My Dad is due to start LCP tomorrow.
Following 3 years’ courageous battle with kidney cancer & metastases etc. he collapsed yesterday and was taken to our local hospital. His remaining kidney is failing, the infection (sepsis) and his liver & other things are not responding to antibiotics/treatment. If he was otherwise healthy he could go to ICU for dialysis, but he’s not. He’s hardly drinking and eating and managing his last few days (or hours) is the kindest thing.
I am sorry for people here who have been ill informed of LCP or had bad experiences in the midst of their grief. For those who are accusing their carers of dehydration etc., did they know that giving a dying person fluids or nutrition can actually make them feel worse because the body no longer needs them and has its own path of shutting down?
All I can say is that the staff caring for my Dad – who is too poorly to be moved to his chosen hospice and is barely awake – have been exemplary so far. They’ve kept us up to speed since he came in yesterday, and talked us through LCP today (which we were already aware of) and been kind and considerate throughout.
I am not in the medical profession. I have no bias and just want my Dad to have the best end-of-life care. My father was a pharmacist and has good understanding of his condition.
The NHS is not perfect, but without it we would be in a worse situation. If I had my way I’d swap footballers’ pay for nurses’. I am grateful for the professionals who have, and are, caring for Dad. They have my heartfelt thanks.

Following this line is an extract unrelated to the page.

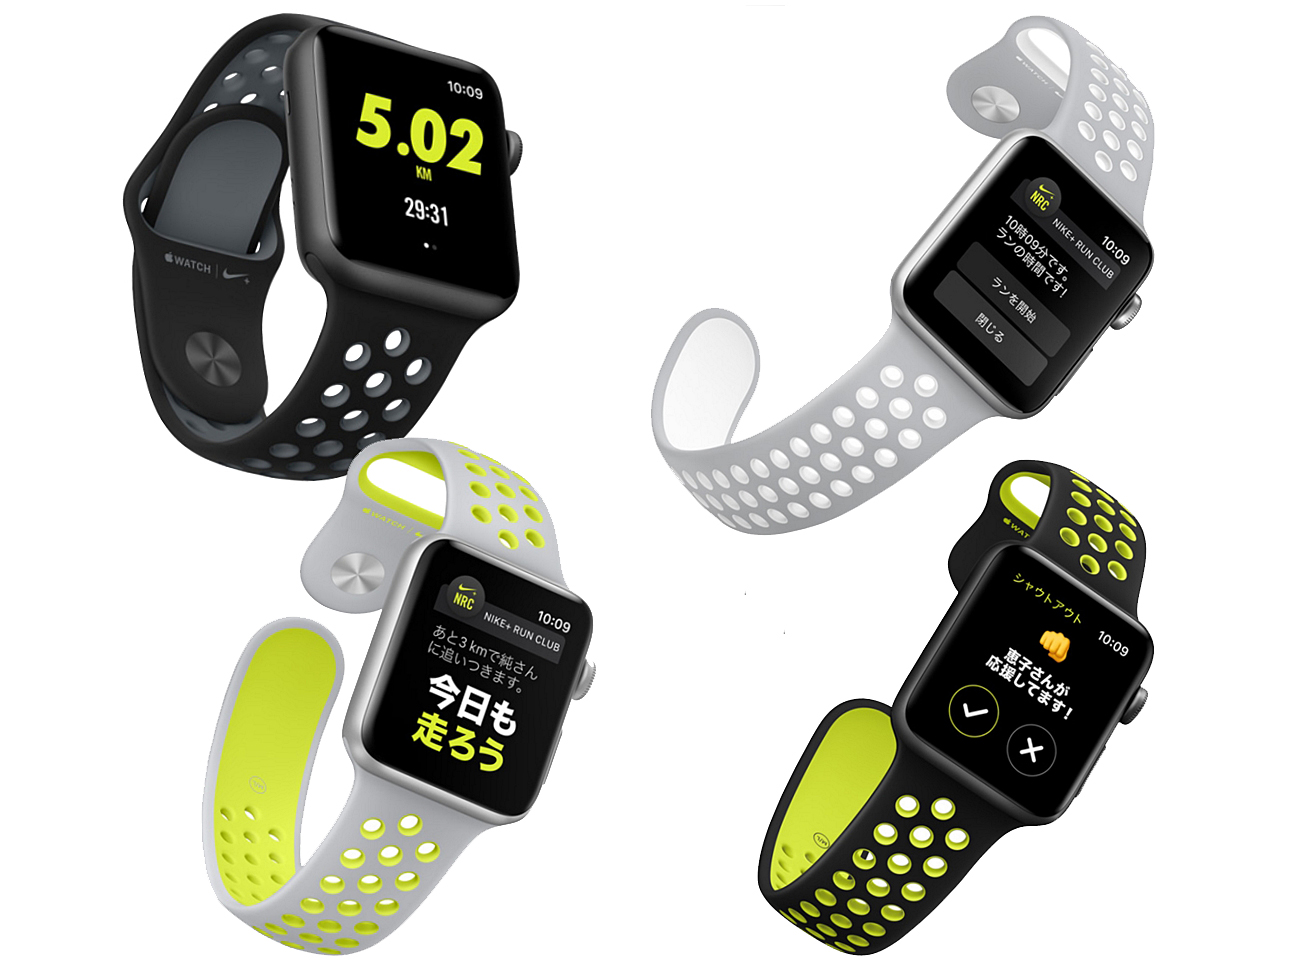 アップルとナイキのランニング向けコラボモデル Apple Watch Nike+ 予約解禁 - ナイキ

Dear MC, Thank you for your comment. I am so pleased to hear that during what is a heartbreaking time, that you and your family are getting the support and care you need from the NHS. I totally agree with your views about footballers’ pay and nurses. And yes, I am very grateful for the NHS too.

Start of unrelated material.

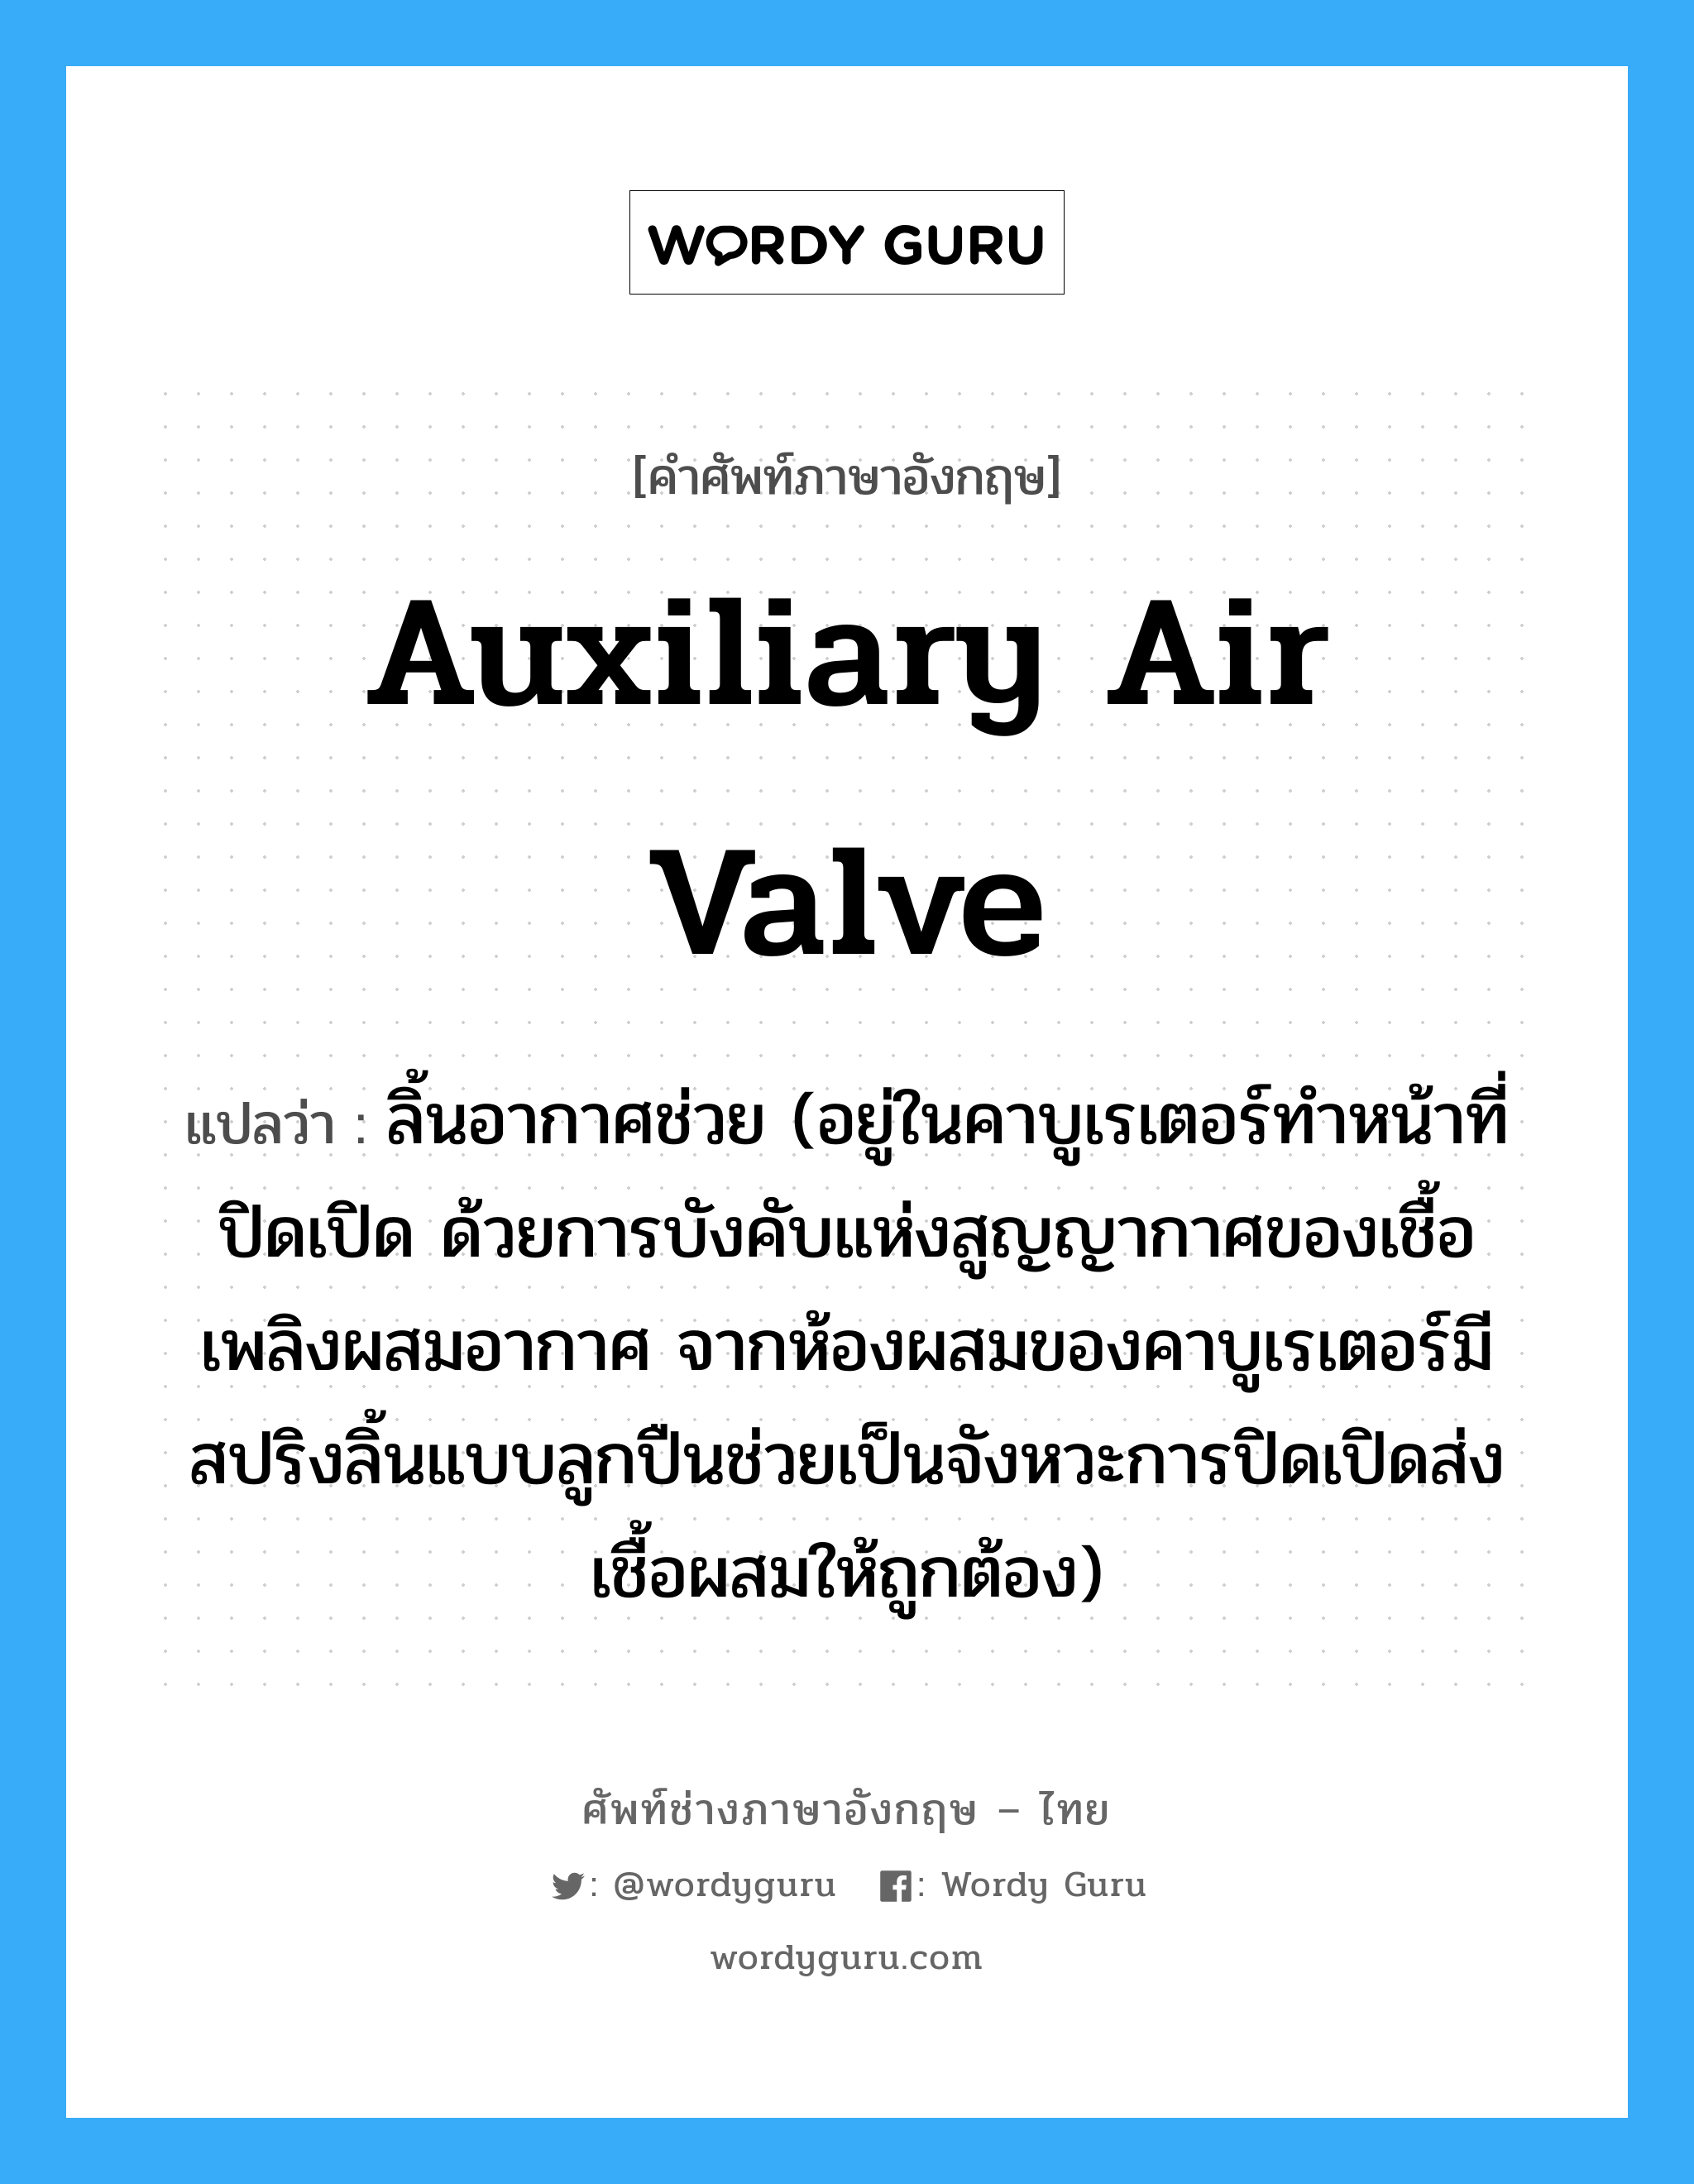 auxiliary air valve แปลว่า?, คำศัพท์ช่างภาษาอังกฤษ - ไทย auxiliary air valve คำศัพท์ภาษาอังกฤษ auxiliary air valve แปลว่า ลิ้นอากาศช่วย (อยู่ในคาบูเรเตอร์ทำหน้าที่ปิดเปิด ด้วยการบังคับแห่งสูญญากาศของเชื้อเพลิงผสมอากาศ จากห้องผสมของคาบูเรเตอร์มีสปริงลิ้นแบบลูกปืนช่วยเป็นจังหวะการปิดเปิดส่งเชื้อผสมให้ถูกต้อง)

i find the liverpool care pathway, a very bad way to treat human beings, its a disturbing course of action, to starve and leave to die, for days by being sedated, dehydrated, and no antibiotics, it is cruel beyond believe, i have seen two in a coma, one for 10 days, the other 12 days, both fighting for breath until they died, well to be honest murdered, to save money for the national death service.
the only way to get this barbaric liverpool euthanasia pathway way abolished, is by signing the ongoing petition, and by not voting for david cameron and expenses cheats, sign the petition and vote them out at the next general election and it could help save lives.
Since hearing about the LCP I am now concerned that my father may have been a victim. After 3 month’s incorrect diagnosis of a rare skin cancer, 21 consultants appeared at his consultation. He was admitted to hospital and underwent an 8.5 hr operaton, removing tissue from his head own to his skull. I was informed that during the operation a nerve had been damaged and he was unable to eat/drink. I did not question this and he did not complain.. A month later he passed away. Did they know what the outcome would be despite my questioning.
Prior to this ‘growth’ he had an accident whilst in hospital for a minor bump on his head. Whilst in hospital he was left alone in a cubicle, collapsed and fell onto the wheel of steel trolly. I was not informed that this had happened, nor the extent of his injuries. He was not allowed to see it. He had actually around 26 stitches in his head as a consequence.
Dear Anonymous, I’m so sorry to hear about this. I think you should ask for a full report about these events, everything that happened to your father during his stay in hospital . Do you think you could discuss it with your doctor and ask for his advice? Or to a patient/carers’ support group? Good luck.